Майские ласточки | страница 39




В одном из первых провозных полетов на Ми-8 Олег Белов сразу поверил в мастерство поверяющего, как хороший музыкант по первым аккордам определил виртуозность исполнителя. Комэск Ачкасов сидел в левом кресле. Не успели взлететь — и он сразу же постучал по штурвалу, предлагая молодому летчику взять управление машиной.

Олег ожидал от командира такого действия, внутренне готовил себя к нему, но не думал, что это произойдет так быстро. Кровь отлила от лица. Заставил себя побороть волнение и сосредоточил внимание на многочисленных приборах, каждый из которых он хорошо знал, но сейчас смотрел на них настороженно и недоверчиво. Иногда поглядывал на землю, удивляясь открывающимся просторам тундры.

На высоких буграх снег успел просесть, и похожие на тугие завитки меха выглядывали кусты. То и дело открывались широкие прогалины с зеленоватой, колкой травой. Пролетавший вертолет шумом винтов спугивал стаи куропаток, и они со взрывом взлетали вверх тугими шарами, расплескиваясь потом по сторонам белыми и серыми брызгами.

За откосом высокого берега открылась Обь. Широкая река угадывалась по цвету снега. Под берегом он лежал спрессованный, блестел смерзшейся ледяной коркой, а ниже, по реке во всю ширину синел, рыхлый и ноздреватый. Промоины пугали провальной чернотой, а в солнечные дни ослепительно вспыхивали и слепили, как осколки разбитых зеркал.

Олег жадно всматривался в землю.
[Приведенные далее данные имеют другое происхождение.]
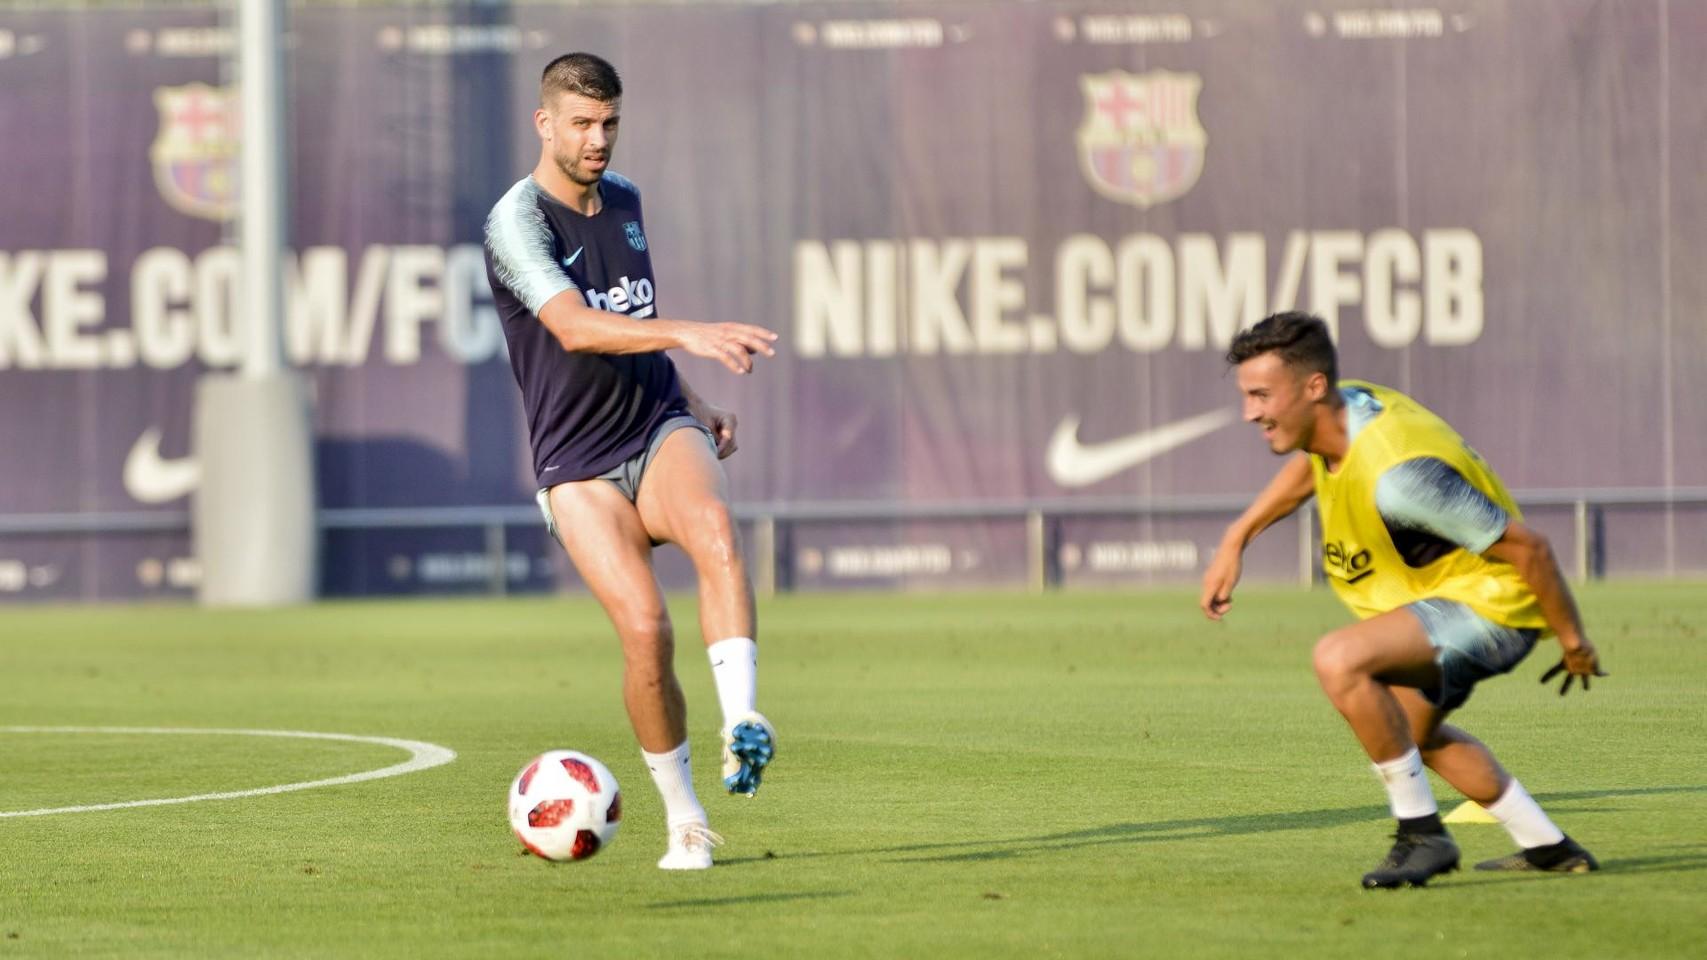 تدريب مشترك مع برشلونة ب ، ميسي ، بيكي ، جوردي ألبا ، سيرجيو ، سامبر  95314033

В другие дни полетов низкие тучи сливались со снегом, и сразу терялась граница земли и неба. От летчика требовались особая бдительность и полное доверие приборам. Но стоило солнцу вырваться из-за туч, и в белой пустыне сразу же все преображалось и вызывало у молодого летчика чувство удивления. Тот же самый снег, вытаявшие кусты, моховые кочки менялись и становились совершенно неповторимыми в своей неброской красоте.

Однажды в минуту откровенности Ачкасов с гордостью сказал, что провозные полеты ему на вертолете давал Очередько. Но, увидев равнодушное лицо второго пилота, подчеркнуто произнес:

— Сам Иван Тихонович возил!

О своем учителе комэск говорил с чувством постоянной любви и преображался, словно светился изнутри.

Олег не мог рассказать горячему Ачкасову, что хорошо знает Очередько и у него с ним свои счеты. Никогда он не думал, что попадет к нему в управление, а то бы выбрал любую точку в Союзе, укатил хоть в самую Кушку! По-прежнему он считал бывшего командира третьей эскадрильи виновником гибели своего отца. Обижало, что он вынужден был носить фамилию матери, брак ее с лейтенантом Сергеем Ромашко был не зарегистрирован, а подавать в суд, чтобы присвоили ему фамилию отца, она не захотела. Для всех на работе и в многоквартирном доме ее считали матерью-одиночкой.